_TO DO_
Your task is to write out every line of the data exactly. Drop the pictures.

_PROVIDED MATERIAL_
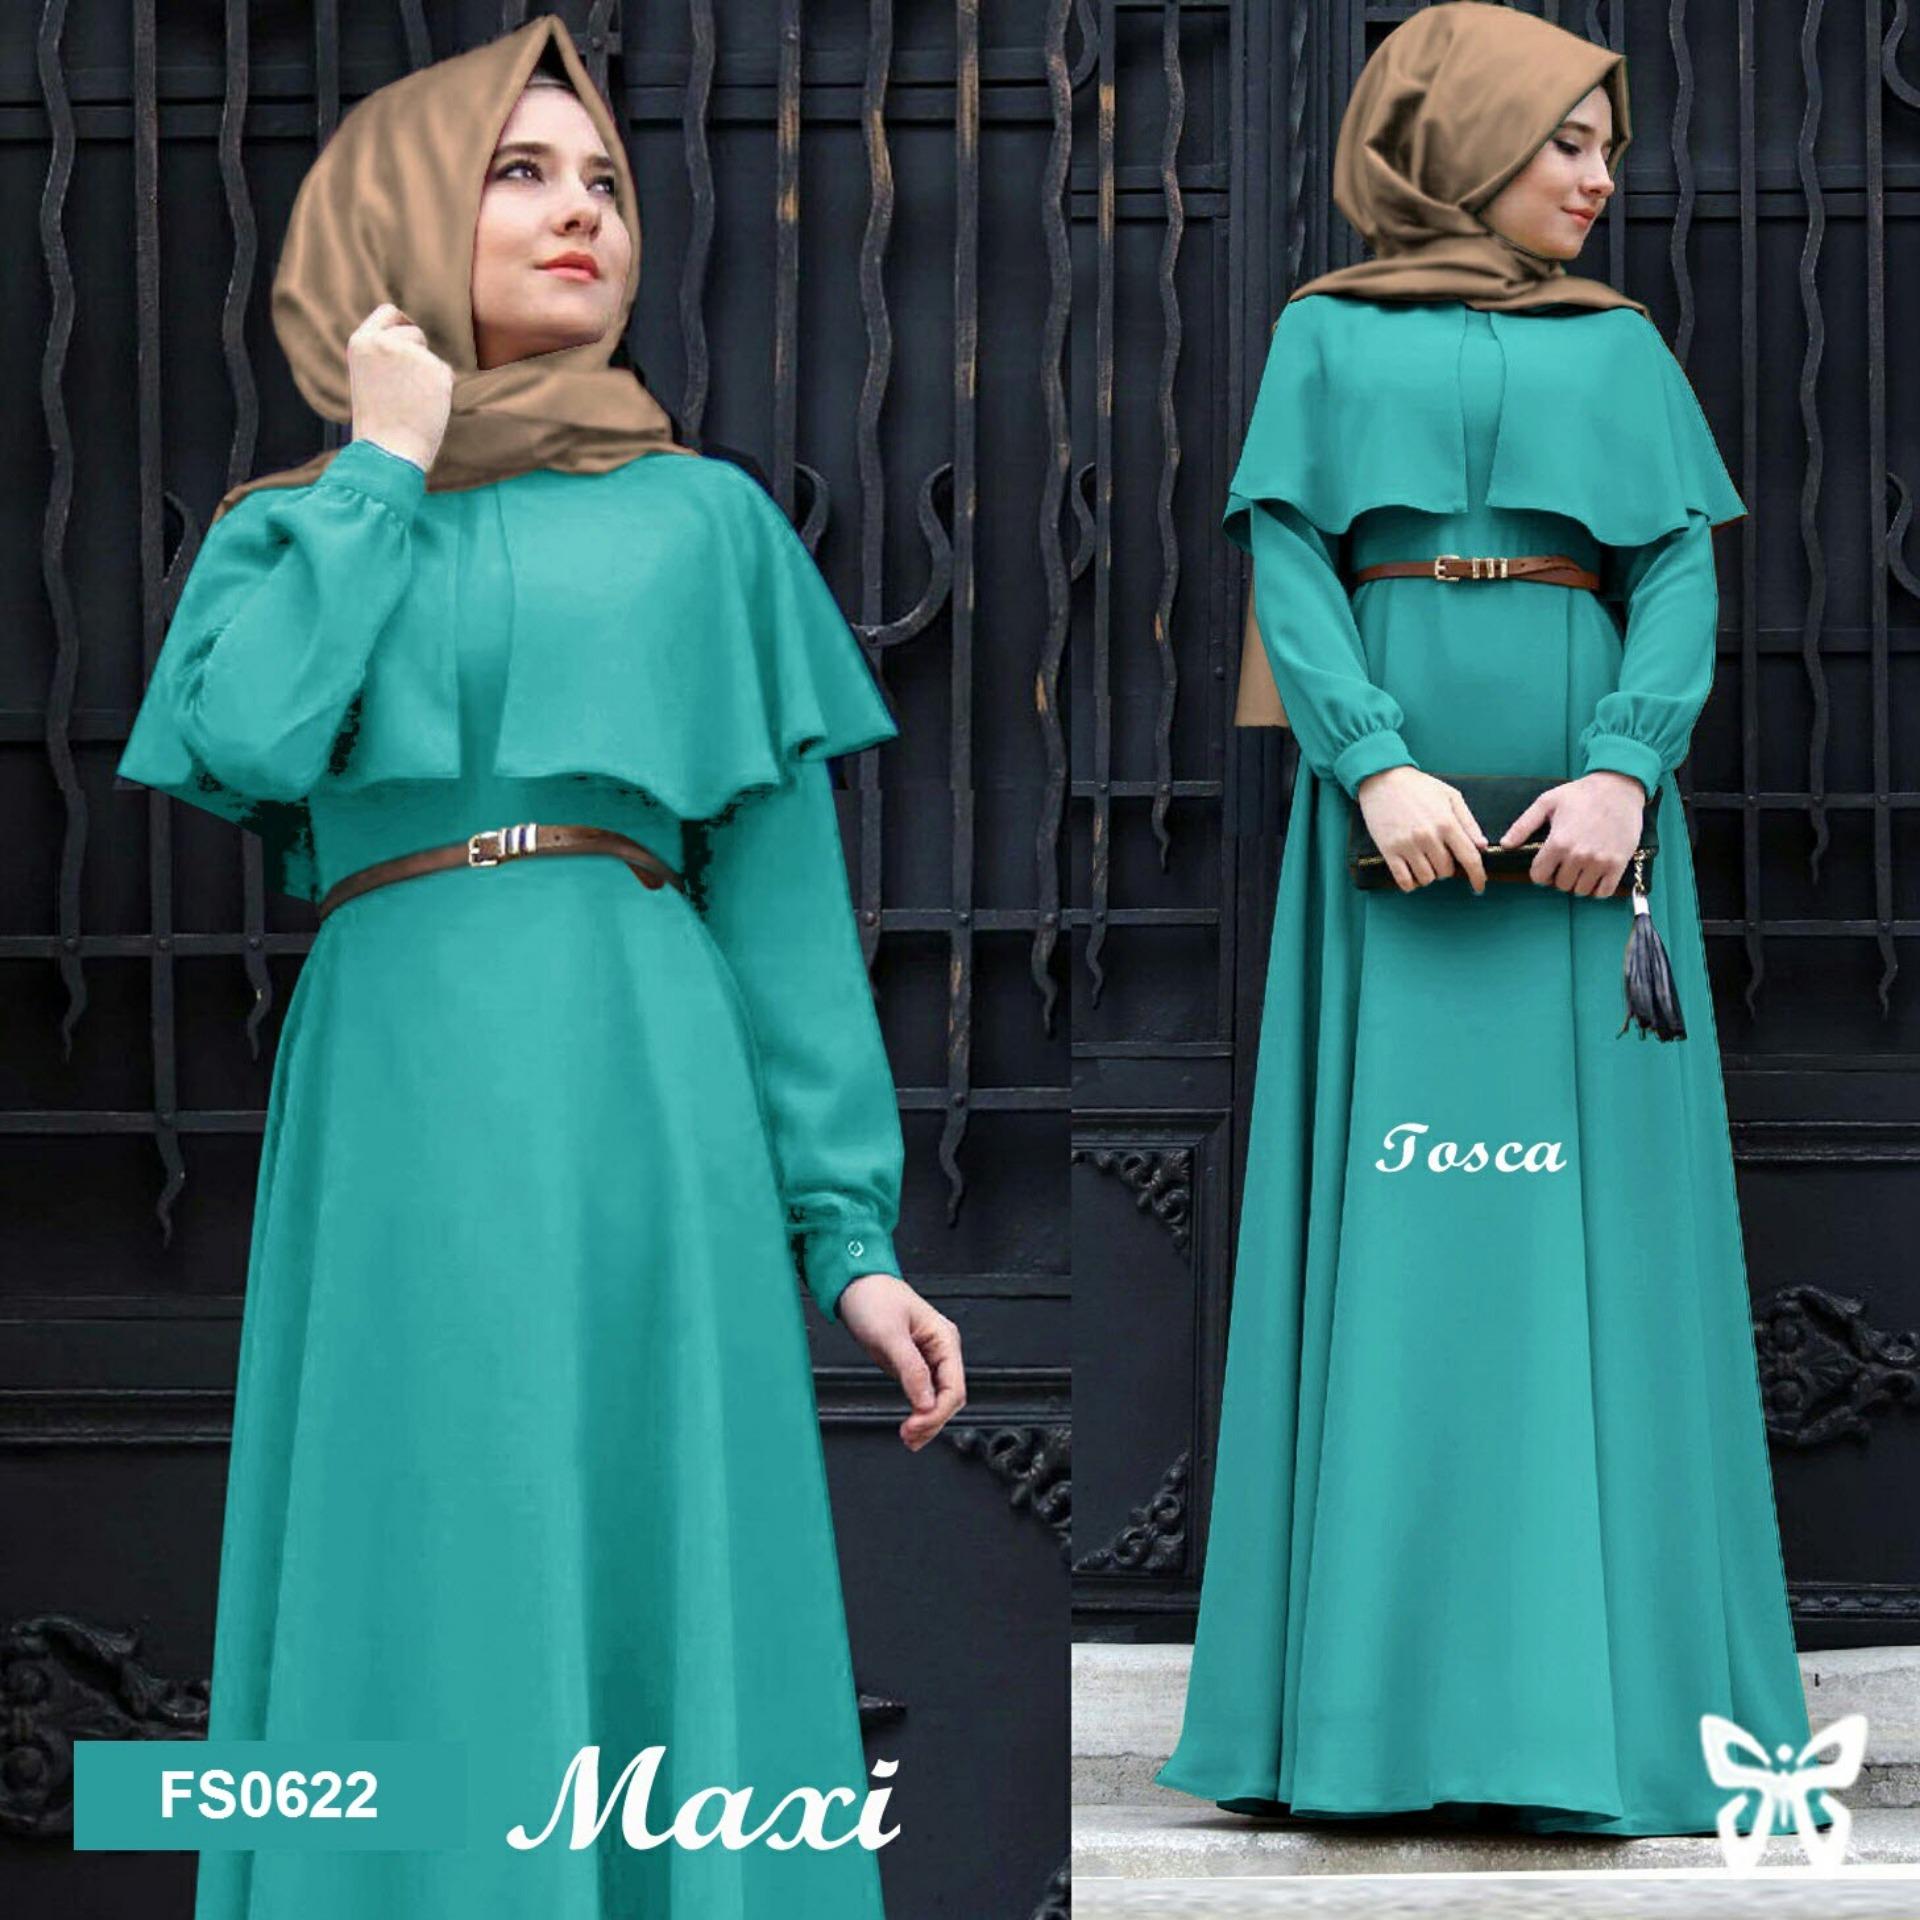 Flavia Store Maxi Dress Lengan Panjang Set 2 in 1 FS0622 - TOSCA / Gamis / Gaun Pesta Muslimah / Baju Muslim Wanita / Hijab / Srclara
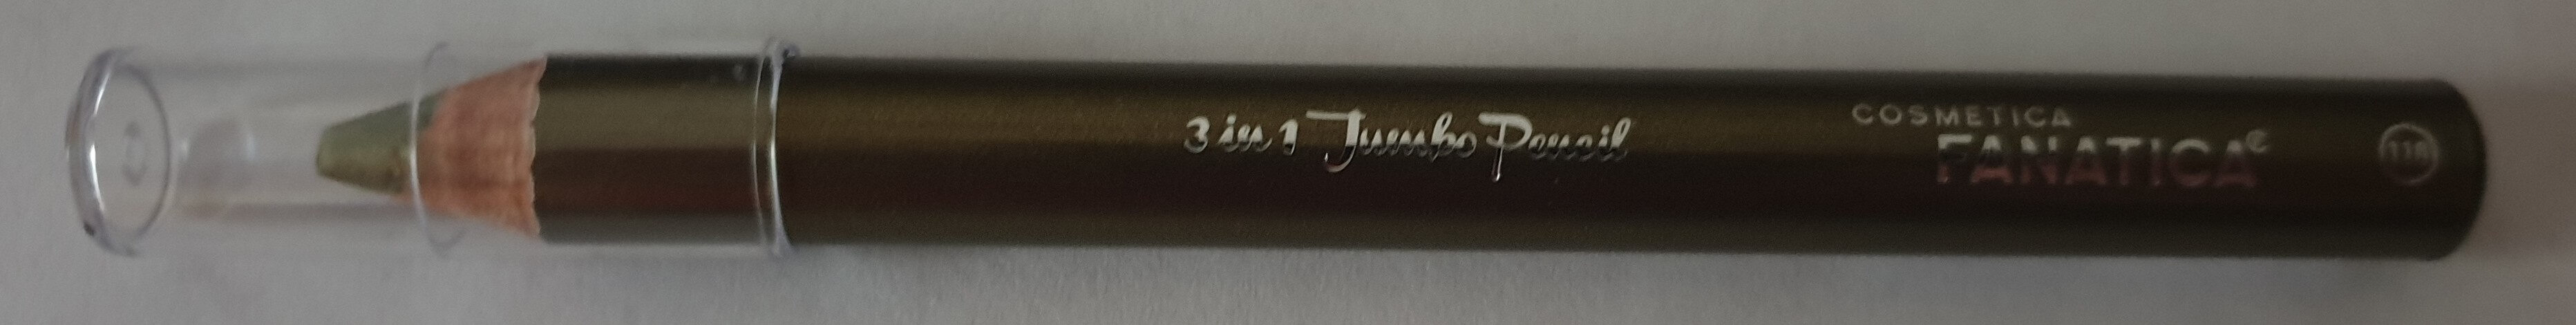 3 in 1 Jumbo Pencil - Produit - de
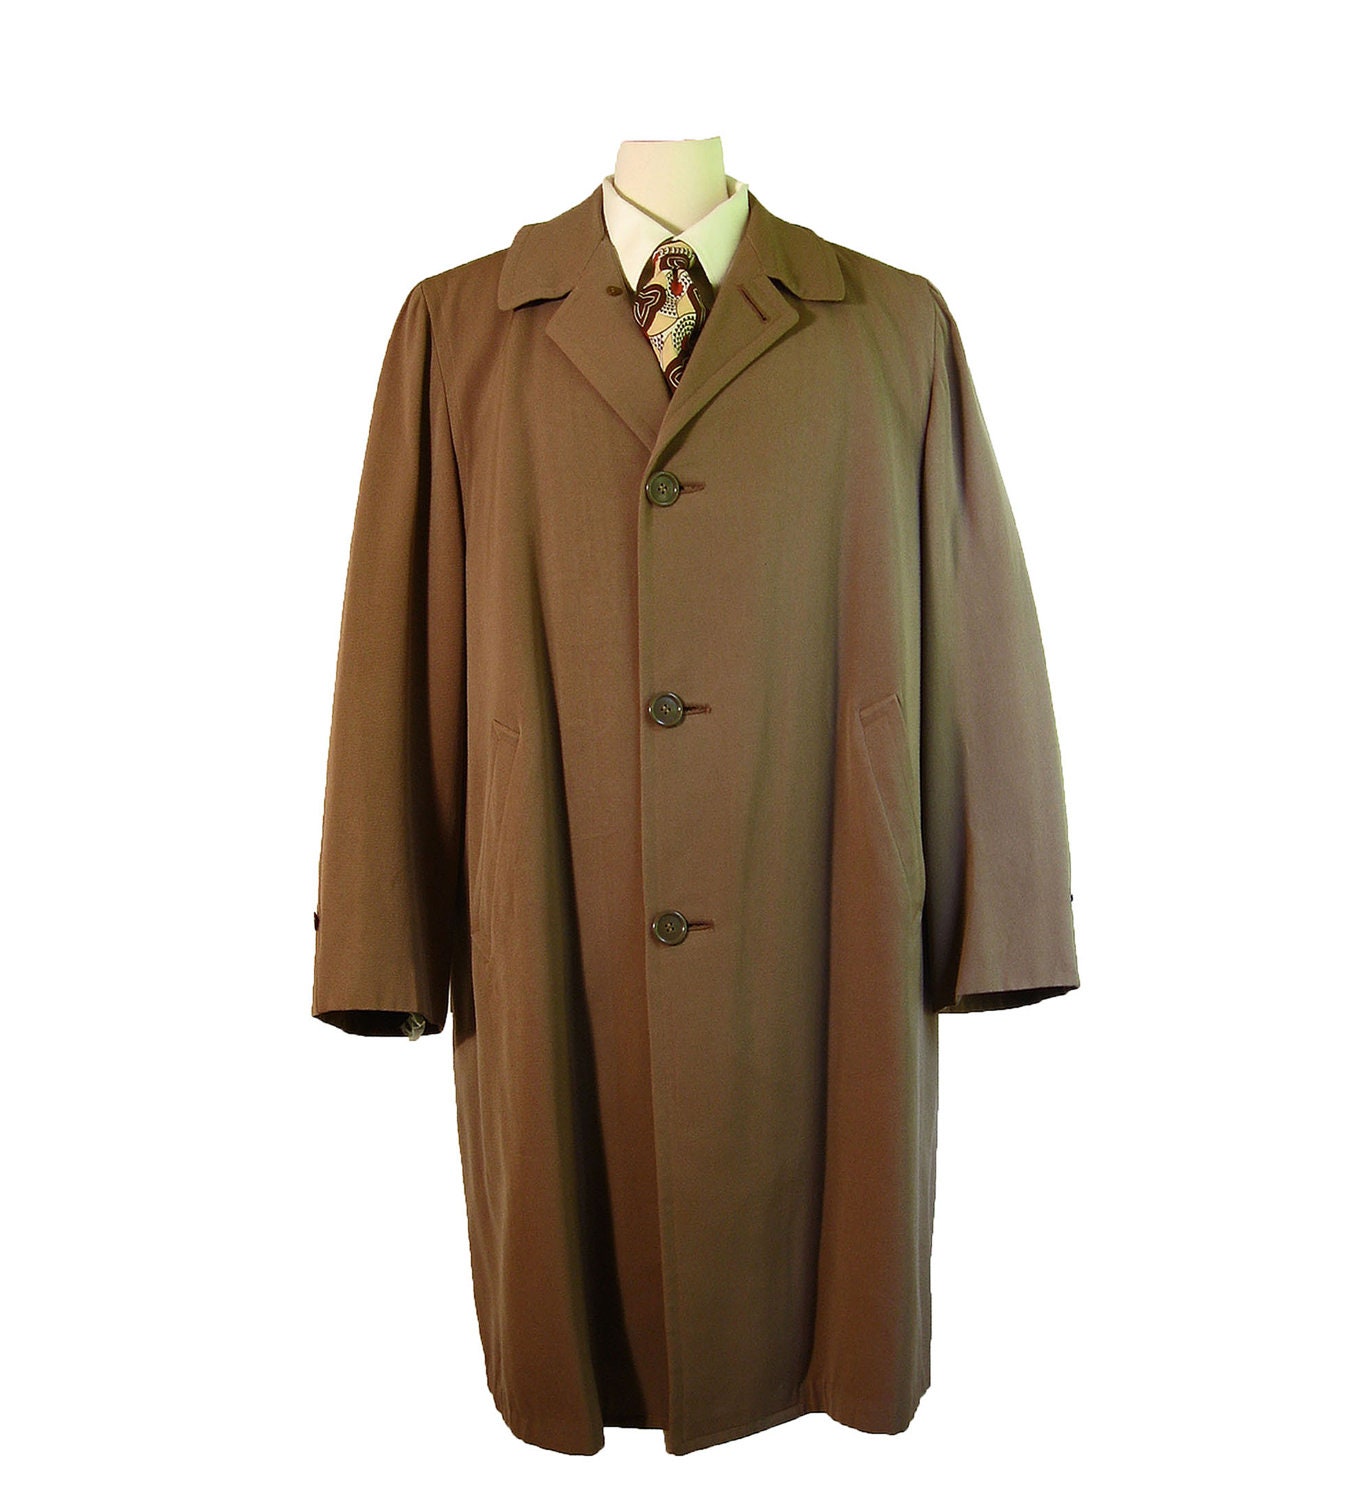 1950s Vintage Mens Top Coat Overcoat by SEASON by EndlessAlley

_SOLVED EXERCISE_
 Flavia Store Maxi Dress Lengan Panjang Set 2 in 1 FS0622 - TOSCA / Gamis / Gaun Pesta Muslimah / Baju Muslim Wanita / Hijab / Srclara
 3 in 1 Jumbo Pencil - Produit - de
 1950s Vintage Mens Top Coat Overcoat by SEASON by EndlessAlley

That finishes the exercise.